**Task prompt:**
When you reach the line with "skateboard with cartoon" in the listing below, transcribe it and each line after it up to and including the line with "Assembled motorcycle horn upgrade.", exactly and with nothing else.

**Dataset records:**
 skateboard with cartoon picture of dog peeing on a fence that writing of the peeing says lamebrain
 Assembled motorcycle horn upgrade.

* * *

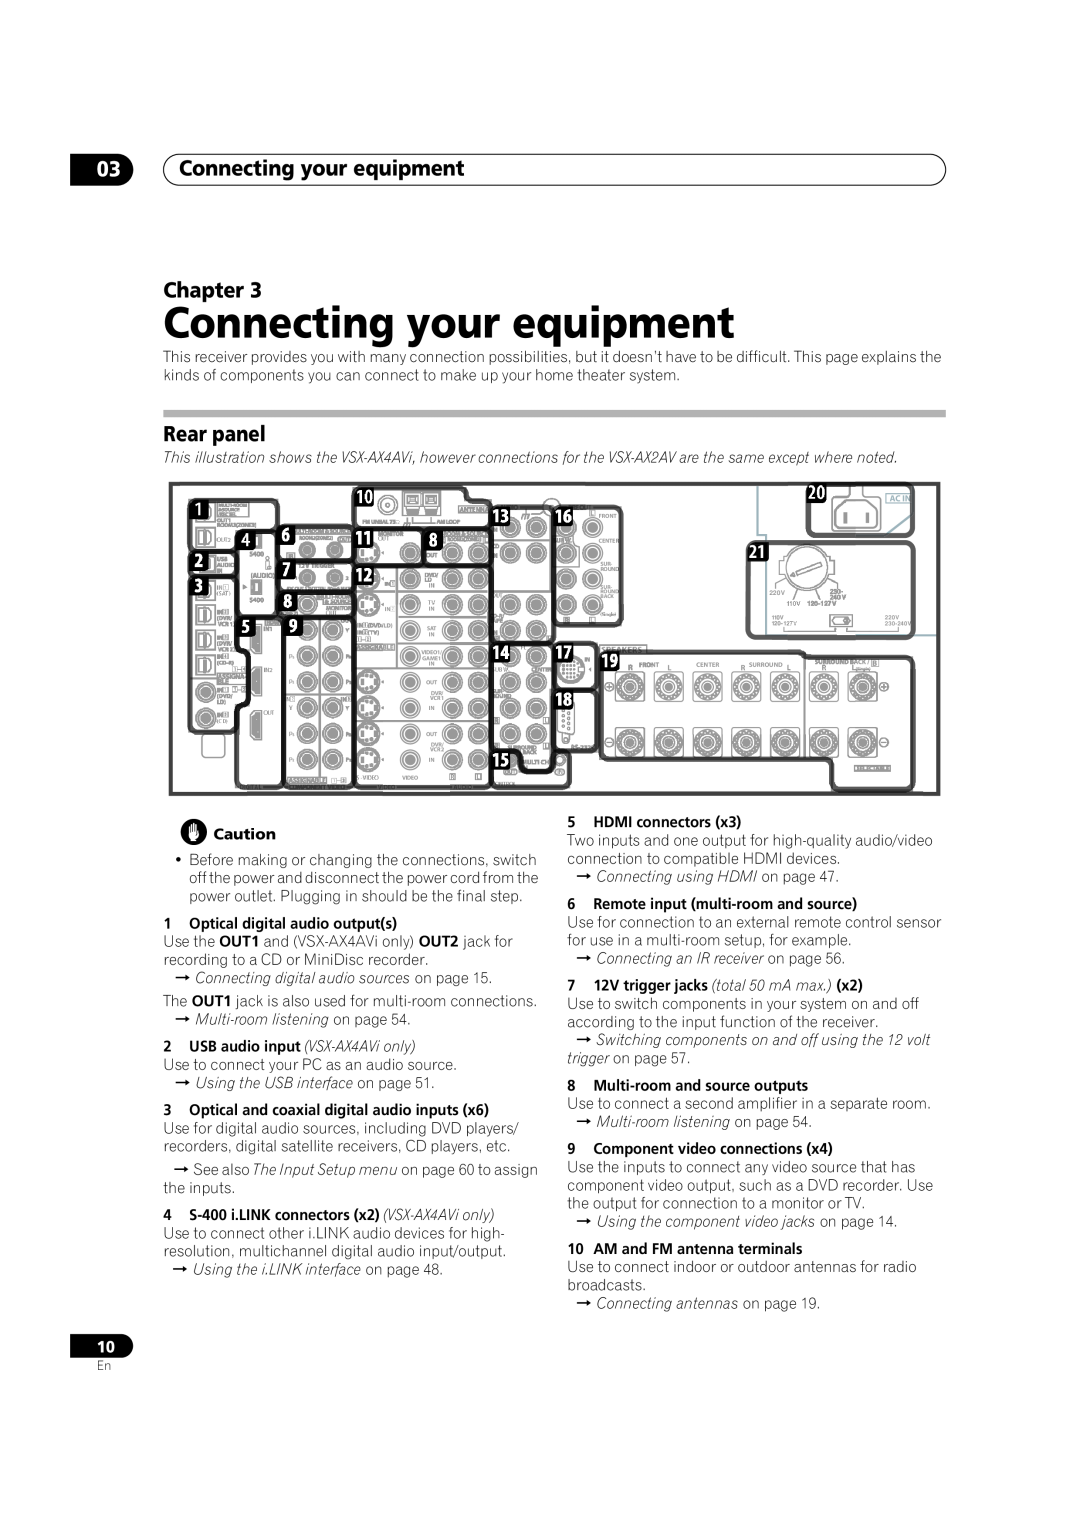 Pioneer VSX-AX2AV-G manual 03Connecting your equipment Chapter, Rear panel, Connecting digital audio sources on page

**Response below:**
 skateboard with cartoon picture of dog peeing on a fence that writing of the peeing says lamebrain
 Assembled motorcycle horn upgrade.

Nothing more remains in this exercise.